Studio album by Olly and Juli
- Released: 10 February 2023
- Genre: Pop
- Length: 48:02
- Label: Epic
- Producer: Juli

Olly and Juli chronology
|  | Gira, il mondo gira (2023) | Tutta vita (2024) |

Singles from Gira, il mondo gira
- "Polvere" Released: 8 February 2023; "La notte vola (RMX)" Released: 16 March 2023; "Tutto con te" Released: 9 June 2023;

= Gira, il mondo gira =

Gira, il mondo gira is the debut studio album by Italian singer-songwriter Olly and Italian record producer Juli, released on 10 February 2023 through Epic Records.

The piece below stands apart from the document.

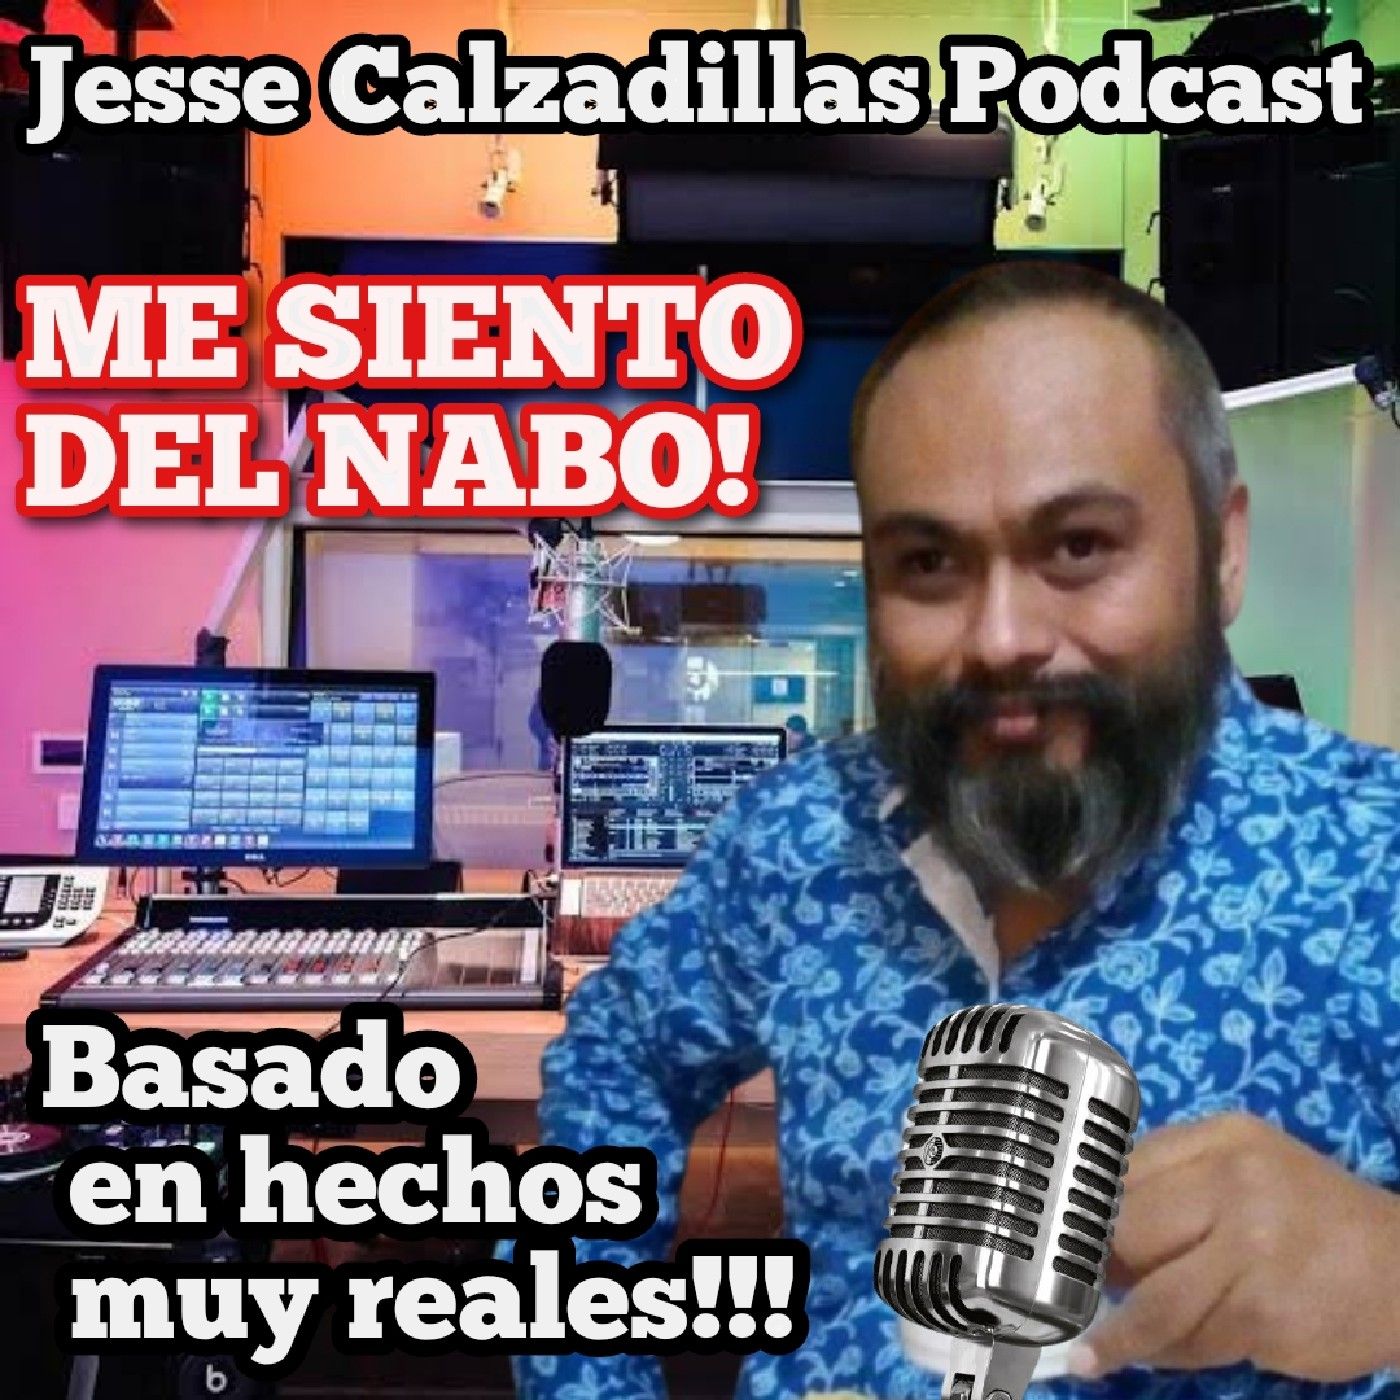 Jesse Calzadillas Podcast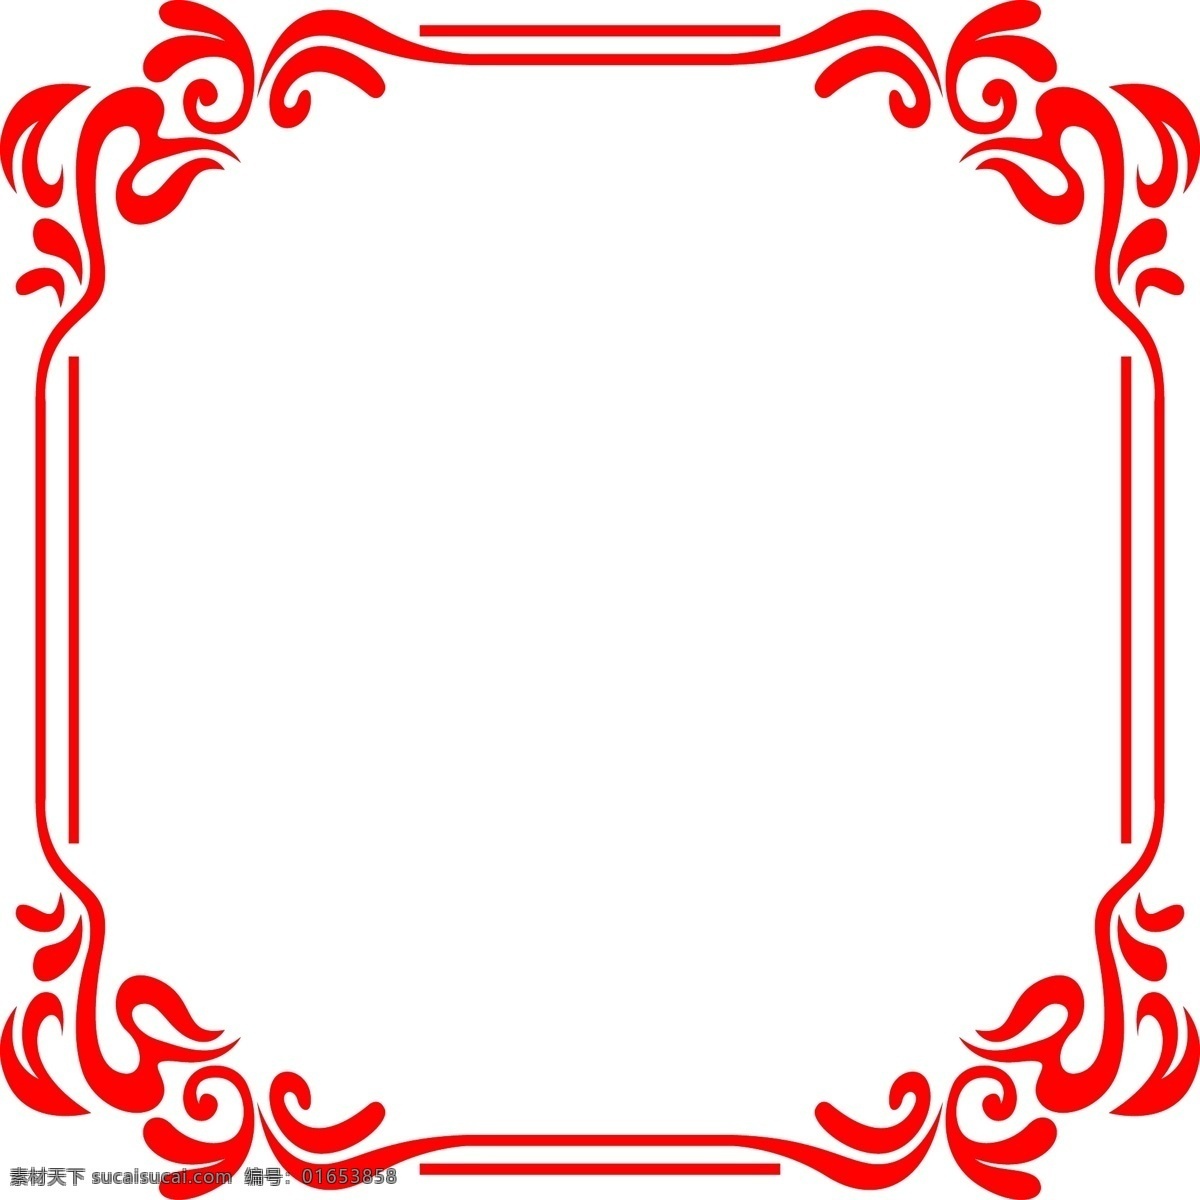 中式 风格 红色 正方形 海报 边框 透明 彩色 装饰 平面设计 原创 透明底 免抠 节日 海报装饰 清新 通用 标题框 海报边框 中式风格

The album included the song "Polvere", which competed in the Sanremo Music Festival 2023. Gira, il mondo gira peaked at number 13 on the Italian Albums Chart and was certified double platinum by the Federazione Industria Musicale Italiana.

== Track listing ==

Gira, il mondo gira track listing
| No. | Title | Writer(s) | Producer(s) | Length |
|---|---|---|---|---|
| 1. | "Una vita" | Federico Olivieri; Julien Boverod; | Juli | 2:45 |
| 2. | "L'anima balla" | Olivieri; Boverod; | Juli | 2:36 |
| 3. | "Ho un amico" | Olivieri; Boverod; Pierfrancesco Pasini; | Juli | 2:48 |
| 4. | "Polvere" | Olivieri; Emanuele Lovito; Boverod; | Juli | 2:46 |
| 5. | "Meno male che c'è il mare" | Olivieri; Boverod; | Juli | 2:53 |
| 6. | "Un'altra volta" | Olivieri; Boverod; | Juli | 2:05 |
| 7. | "L'amore va" | Olivieri; Boverod; Luca Faraone; | Juli | 2:30 |
| 8. | "Tutto male" | Olivieri; Boverod; | Juli | 3:24 |
| 9. | "Bianca" | Olivieri; Boverod; | Juli | 2:36 |
| 10. | "Fammi morire" | Olivieri; Boverod; | Juli | 2:08 |
| 11. | "Canto alla luna" | Olivieri; Boverod; | Juli | 2:47 |
| 12. | "Tutto con te" | Olivieri; Boverod; | Juli | 2:38 |
| 13. | "La notte vola (RMX)" (with Lorella Cuccarini) | Silvio Capitta; Marco Salvati; Giuseppe Vessicchio; Olivieri; Boverod; | Juli | 2:22 |
| 14. | "Polvere (live)" | Olivieri; Lovito; Boverod; | Juli | 3:13 |
| 15. | "Bianca (live)" | Olivieri; Boverod; | Juli | 2:32 |
| 16. | "L'anima balla (live)" | Olivieri; Boverod; | Juli | 3:34 |
| 17. | "Meno male che c'è il mare (live)" | Olivieri; Boverod; | Juli | 4:25 |

== Charts ==
=== Weekly charts ===

| Chart (2023) | Peak position |
|---|---|
| Italian Albums (FIMI) | 13 |

===Year-end charts===

| Chart | Year | Position |
|---|---|---|
| Italian Albums (FIMI) | 2023 | 86 |

== Certifications ==

| Region | Certification | Certified units/sales |
| Italy (FIMI) | 2× Platinum | 100,000^{‡} |
^{‡} Sales+streaming figures based on certification alone.